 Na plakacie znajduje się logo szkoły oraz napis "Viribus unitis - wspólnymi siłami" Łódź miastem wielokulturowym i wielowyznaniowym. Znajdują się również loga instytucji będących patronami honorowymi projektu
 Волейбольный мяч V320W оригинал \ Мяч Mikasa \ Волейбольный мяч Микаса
==
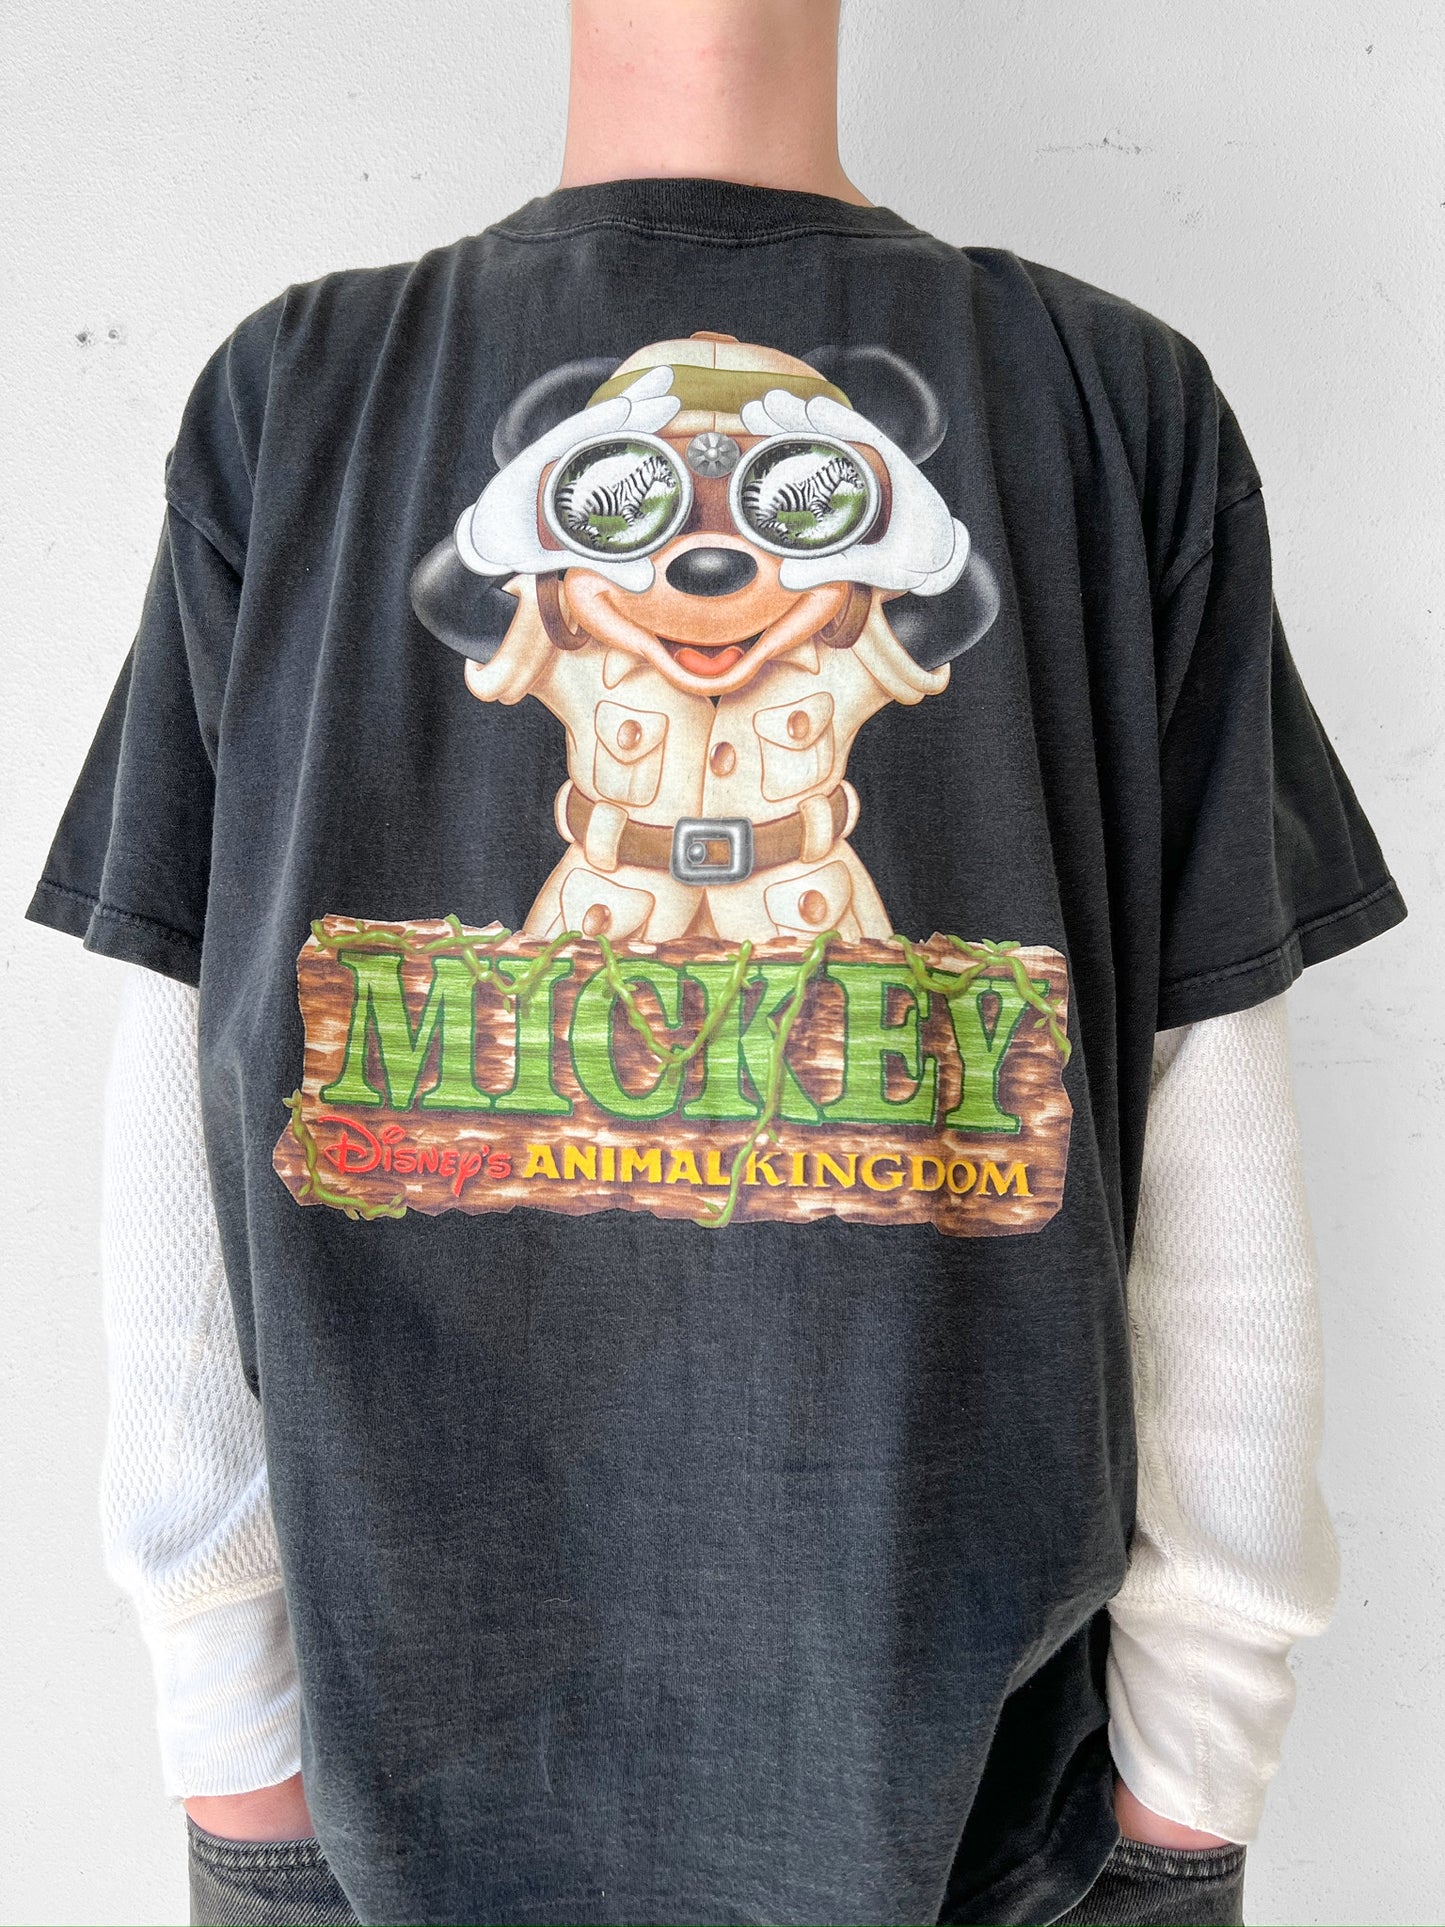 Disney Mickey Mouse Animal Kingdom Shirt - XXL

What this task involves:
Give the exact lines, and only those, from the line containing "Na plakacie znajduje" through the line containing "Волейбольный мяч V320W" in the entries above.

Response:
 Na plakacie znajduje się logo szkoły oraz napis "Viribus unitis - wspólnymi siłami" Łódź miastem wielokulturowym i wielowyznaniowym. Znajdują się również loga instytucji będących patronami honorowymi projektu
 Волейбольный мяч V320W оригинал \ Мяч Mikasa \ Волейбольный мяч Микаса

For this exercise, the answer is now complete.